“Then drive the weapon home, and do not pity me—not for one instant. Tell me that my love has besmirched you and humbled you in the dust! Tell me that you would give years of your life to tear from your heart every memory of me! And make a dog of me and call me cur. Call me by every shameful name you know, and I will answer to every one and say you are right; for I know you are right, you are, though it’s torture to say so! Hear me, Marie, hear me and believe if you can: though I know you loathe yourself because you have been mine, and sicken in your soul when you think of it, and frown with disgust and remorse, yet do I love you still—I do indeed. I love you with all my might and soul, Marie.”
“Fie, shame on you, Sti Högh! Shame on you! You know not what you are saying. And yet—God forgive me—but ’tis true, fearful as it seems! Oh, Sti, Sti, why are you such a varlet soul? Why are you such a miserable, cringing worm that doesn’t bite when it’s trodden underfoot? If you knew how great and proud and strong I believed you—you who are so weak! It was your sounding phrases that lied to me of a power you never owned; they spoke loud of everything your soul never was and never could be. Sti, Sti, was it right that I should find weakness instead of strength, abject doubt instead of brave faith, and pride—Sti, where was your pride?”

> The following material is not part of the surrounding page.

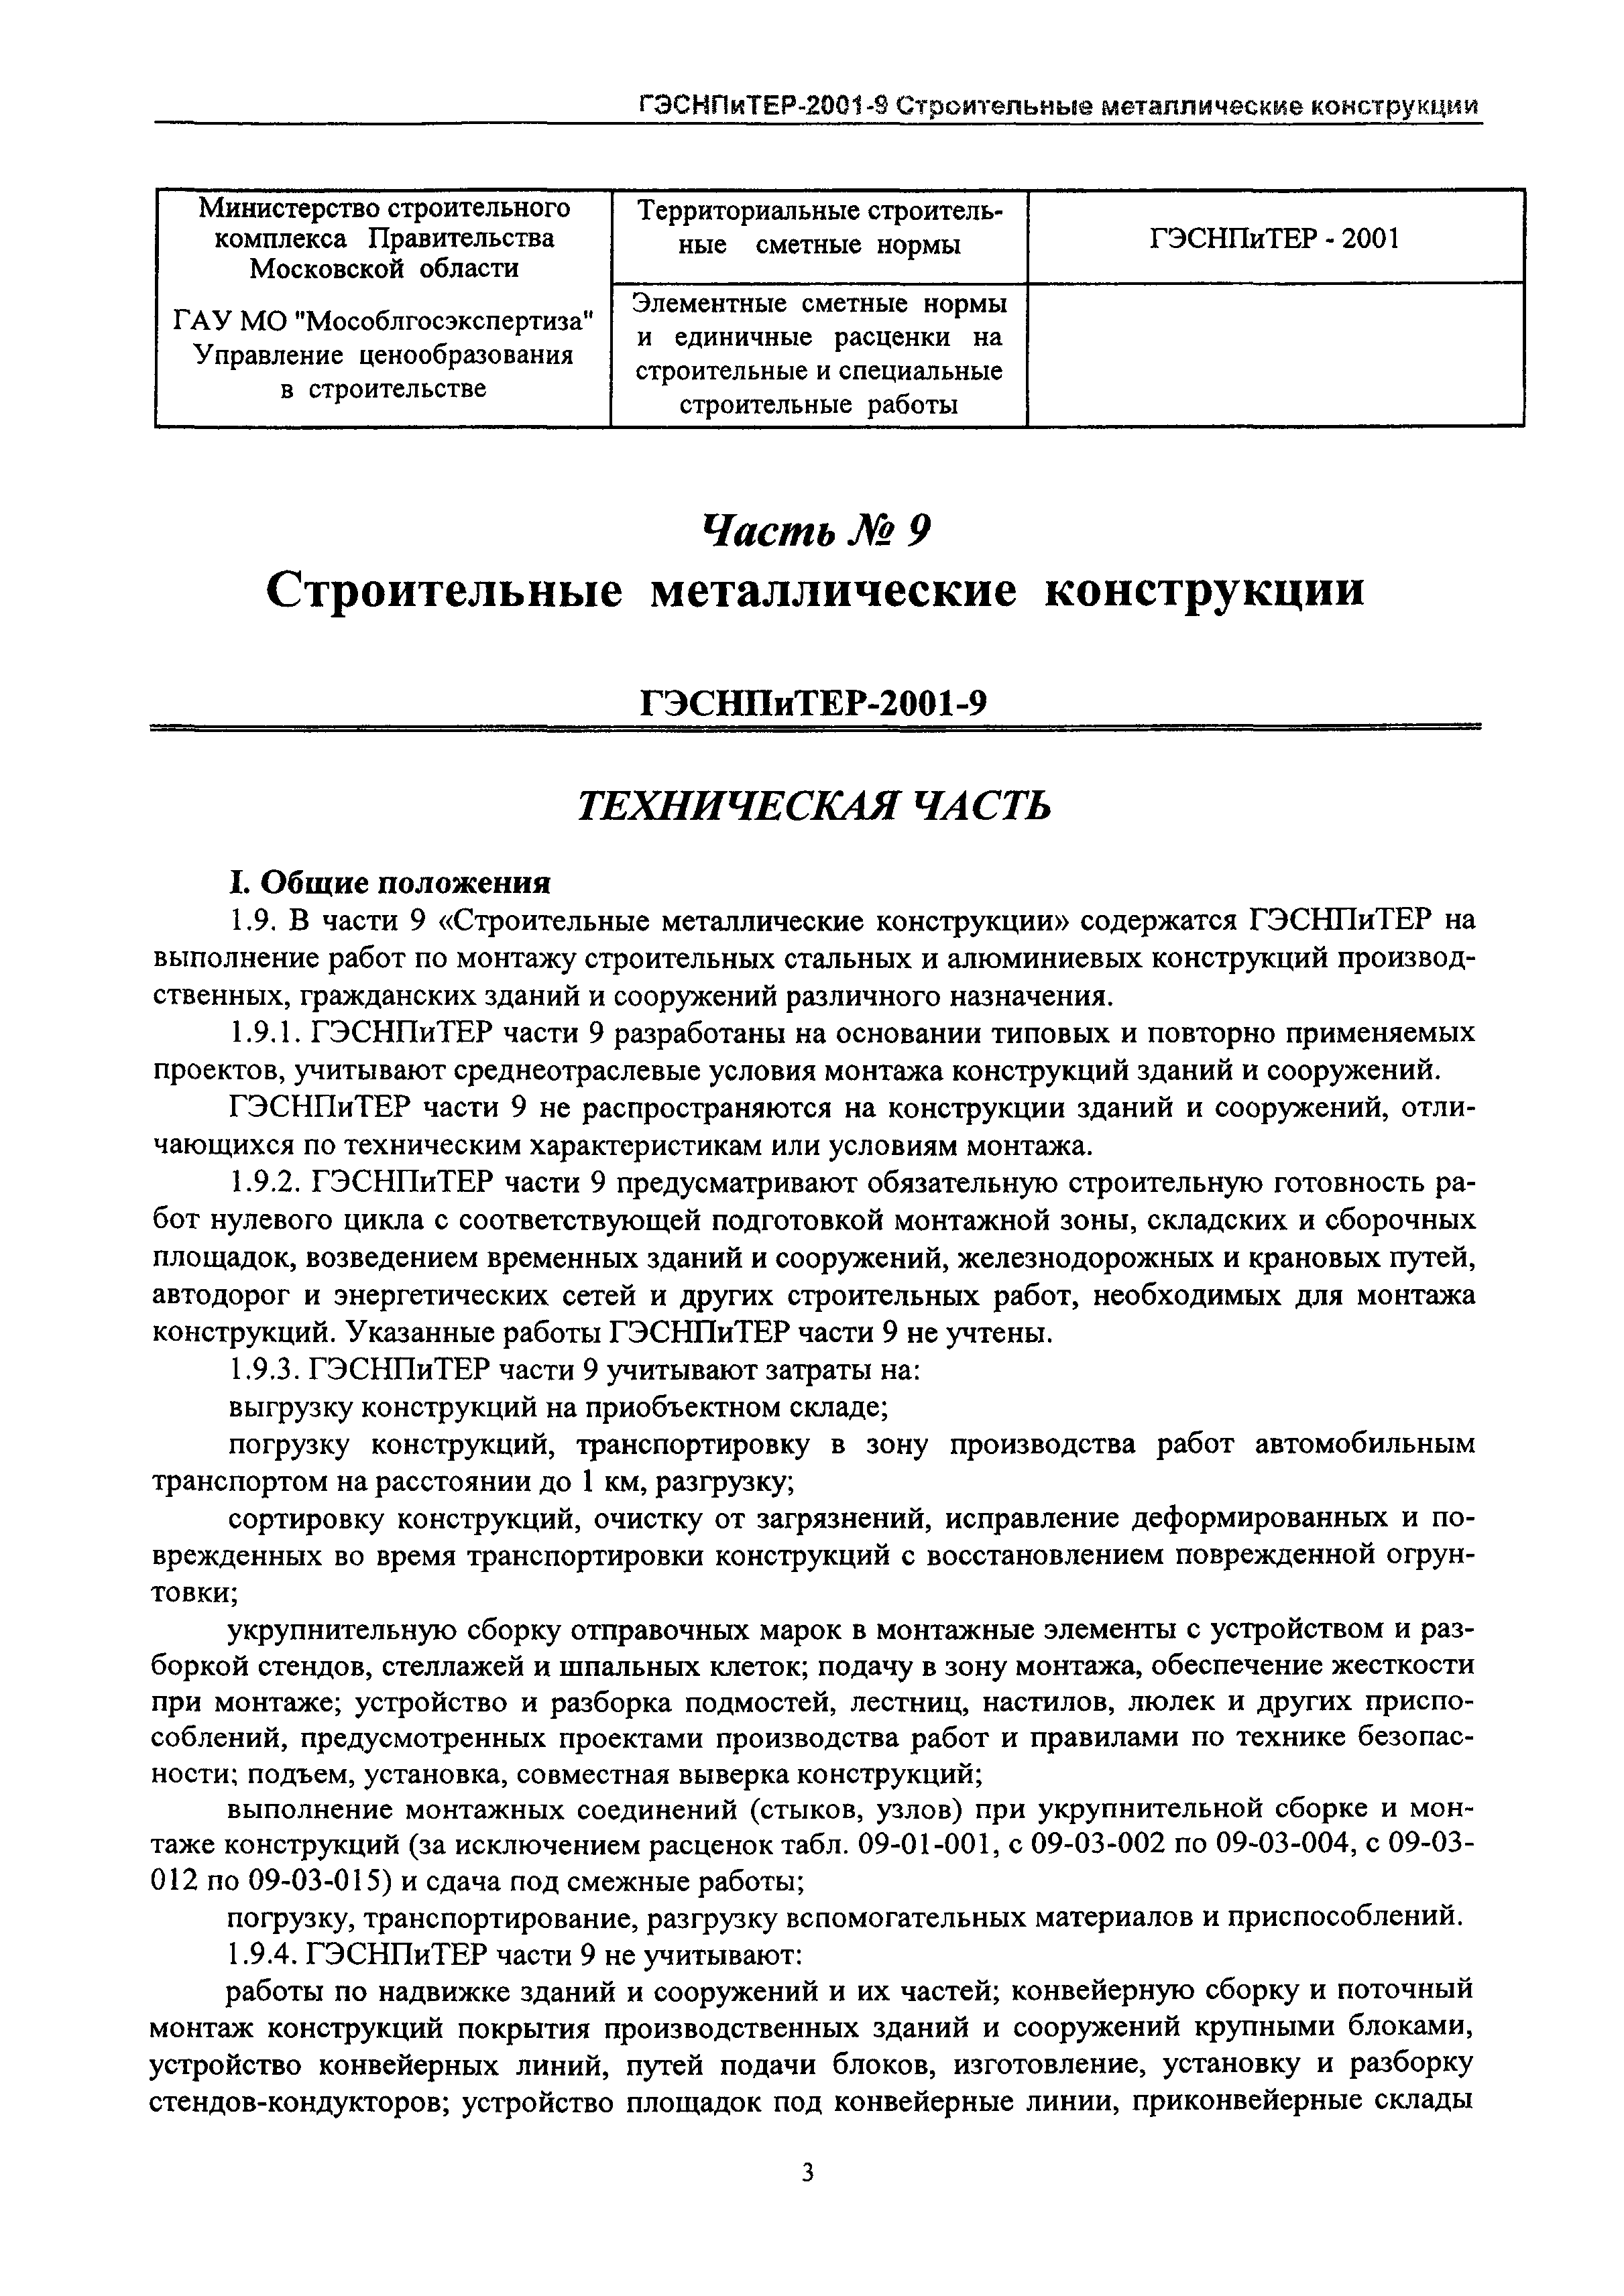 ГЭСНПиТЕР 2001-9 Московской области

“Justice and right are but little mercy, but I deserve naught else, for I have been no better than a counterfeiter with you, Marie. I never believed in your love, no, even in the hour when you first vowed it to me, there was no faith in my soul. Oh! how I wanted to believe, but could not! I could not down the fear that lifted its dark head from the ground, staring at me with cold eyes, blowing away my rich, proud dreams with the breath from its bitterly smiling mouth. I could not believe in your love, and yet I grasped the treasure of it with both hands and with all my soul. I rejoiced in it with a timid, anxious happiness, as a thief might feel joy in his golden booty, though he knew the rightful owner would step in, the next moment, and tear the precious thing from his hands. For I know the man will come who will be worthy of you, or whom you will think worthy, and he will not doubt, not tremble and entreat. He will mould you like pure gold in his hands and set his foot on your will, and you will obey him, humbly and gladly. Not that he will love you more than I, for that no one could, but that he will have more faith in himself and less sense of your priceless worth, Marie.”
“Why, this is a regular fortune-teller’s tale you’re giving me, Sti Högh. You are ever the same, your thoughts roam far afield. You are like children with a new toy; instead of playing with it, they must needs pull it to pieces and find out how it was made, and so spoil it. You never have time to hold and enjoy, because you are ever reaching and seeking. You cut the timber of life all up into thought-shavings.”
“Farewell, Marie.”
“Farewell, Sti Högh,—as well as may be.”
“Thanks—thanks—it must be so. Yet I would ask of you one thing.”
“Well?”
“When you depart from here, let none know the way you go, lest I should hear it, for if I do, I cannot answer for myself that I shall have strength to keep from following you.”
Marie shrugged her shoulders impatiently.